Parker calls the community support behind her work "validating," and said that she thinks her ancestors would be proud of what she's doing for the Filipino community. At the same time, she still wonders what kinds of critiques they might have.


"I can hear a little bug in my ear of the Filipino auntie saying, 'You didn't do that one very well. You need to make that one better,'" Parker said. "Really critiquing everything I'm doing, which is very much a Filipino auntie thing. And I keep that in mind when I do my work, that I never want to just be happy at reaching a hundred percent. You always try to exceed that. And that's why the recognition [I've received] is just a way of showing that I'm trying to reach further and not represent myself, but the community."


During the nomination process for the Governor's Award, five community members — Czarina Nicole Cabillo, Rachel Lucy, Linda Montecillo, Diane Gubatayo and Dave Kiffer — wrote letters to the selection committee on Parker's behalf. She didn't read any of them until the interview process, when she was asked about what her fellow community members said about her.

Parker called the experience "heartwarming" and "powerful," and said she got emotional reading the kind words of support from her community.


In his letter on Parker's behalf, former City of Ketchikan and Ketchikan Gateway Borough Mayor Dave Kiffer highlighted the renewed attention Parker has brought to the local Filipino community.

"To be sure, there is a great resilience within the local Filipino Community in which it has always 'done for itself' in many ways that didn't require interaction with the Ketchikan community at large," Kiffer wrote. "But the cost of that resilience has indeed further impacted the community in a negative way because it has further highlighted [its] 'invisibility.' Then came Alma. For the past several years, she has tirelessly worked through the Ketchikan Wellness Coalition to engage both the Filipino Community and the Community at Large in numerous events that have indeed created new and profound connections between different communities in Ketchikan."

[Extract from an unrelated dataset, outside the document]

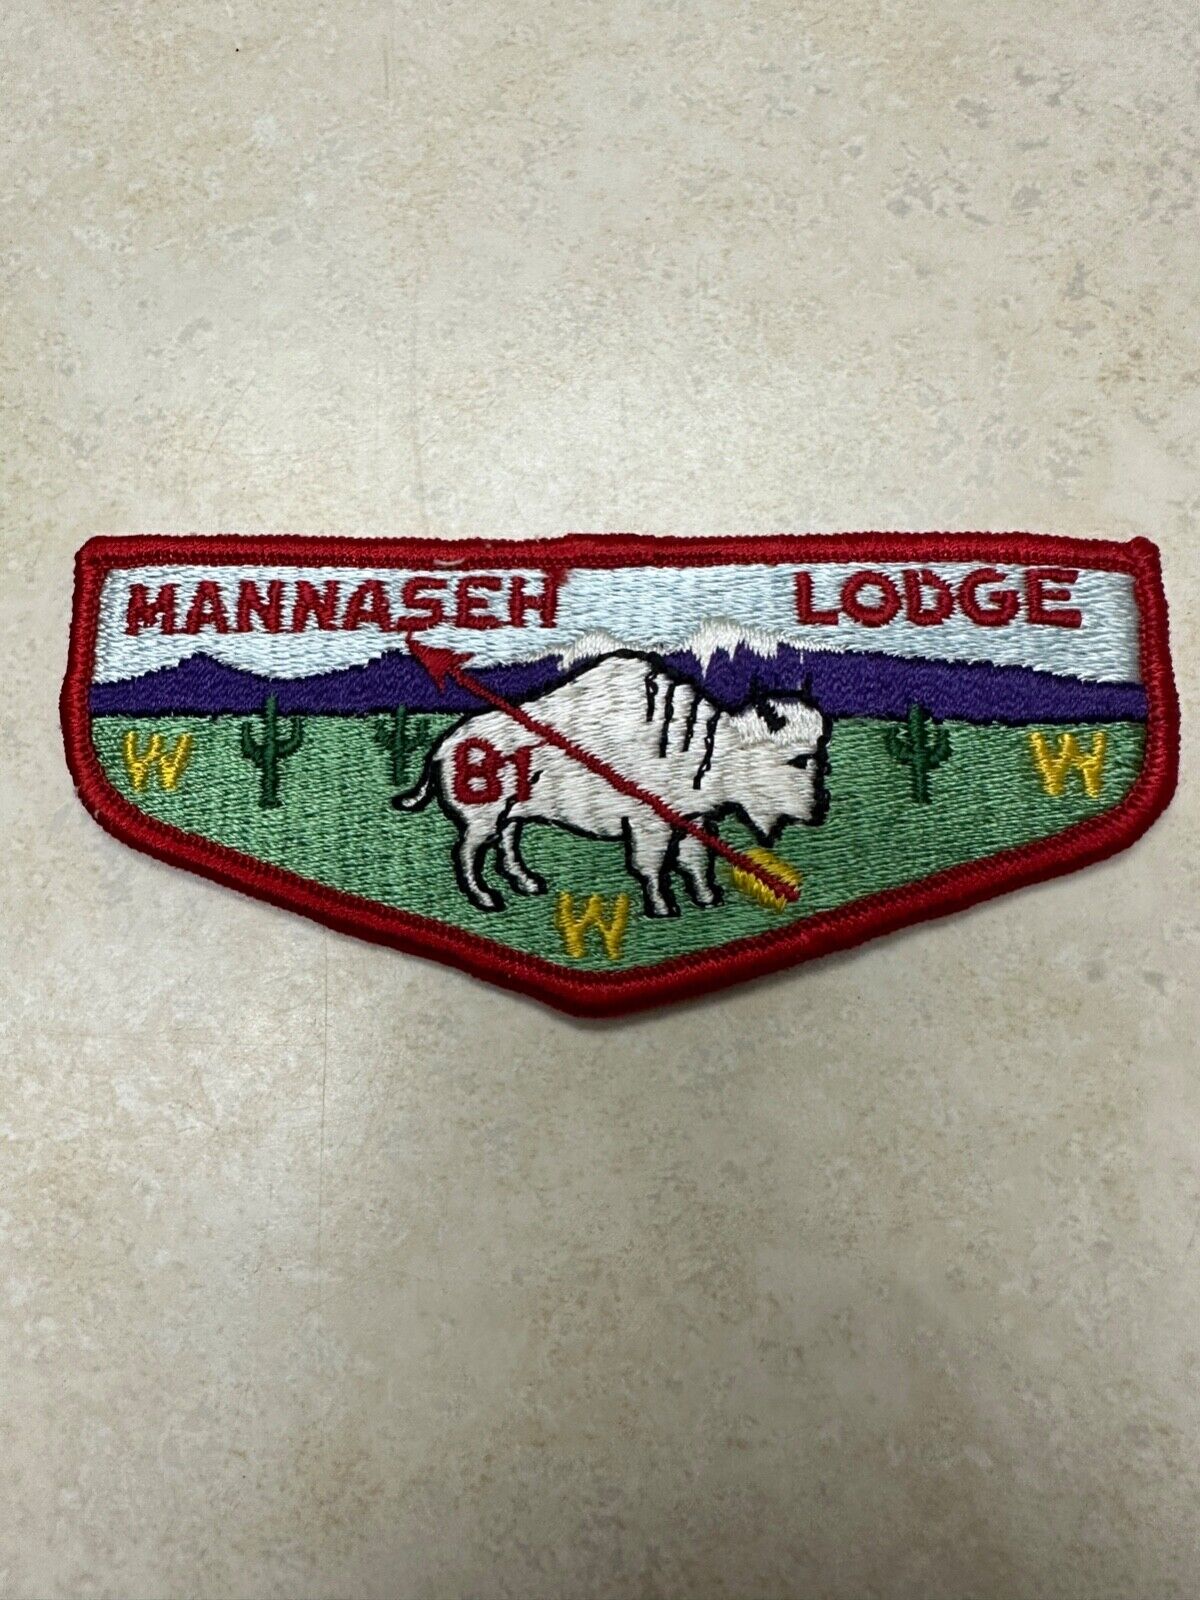 OA Lodge Mannaseh Solid Flap

Parker's next project is a documentary titled "Bridging our Stories" about her story as a Filipino immigrant growing up in Ketchikan. She hopes the film can shine a light on immigrant stories and their struggles with cultural identity, just like her own.


"I really wanted to bridge the story of me as an immigrant," Parker said. "I was born in the Philippines, left there at eight months old, raised in Alaska and tried to assimilate and not feel different. I really tried to push away my cultural identity of being Filipino. I would refuse to speak Tagalog. When my parents would talk to me in Tagalog, I would answer only in English."


"I think as you get older you discover that you can never push that identity aside," she continued. "Now how do I bring it back? Because I'm not Filipino enough because I don't speak Tagalog, or I don't have a lot of Filipino friends or however people perceive me to be. But clearly, I'm not also American enough because I'm physically not the typical idea of what an American looks like. So that is the central theme, trying to identify that common story of these generations of kids who come to the United States and really set aside their identity."


Through her work, Parker hopes to inspire more people in her community to follow her lead. She would like to see a more longstanding commitment to Filipino culture — like a museum or cultural center — opened in Ketchikan to better preserve and continue the kind of work she's done.

Parker wants to cultivate a "continuous movement that finds a permanent place in Ketchikan." She looks at her work as not only current, but something that can hopefully continue on for generations to come.  


"When I'm gone, or when I'm trying to move on with other parts of my life, [I hope] that other people can carry on that torch," Parker said. "You have to look at the bigger picture of what can come out of this for yourself, your family, and then as a community. Not just the Filipino community, but the Ketchikan community as a whole."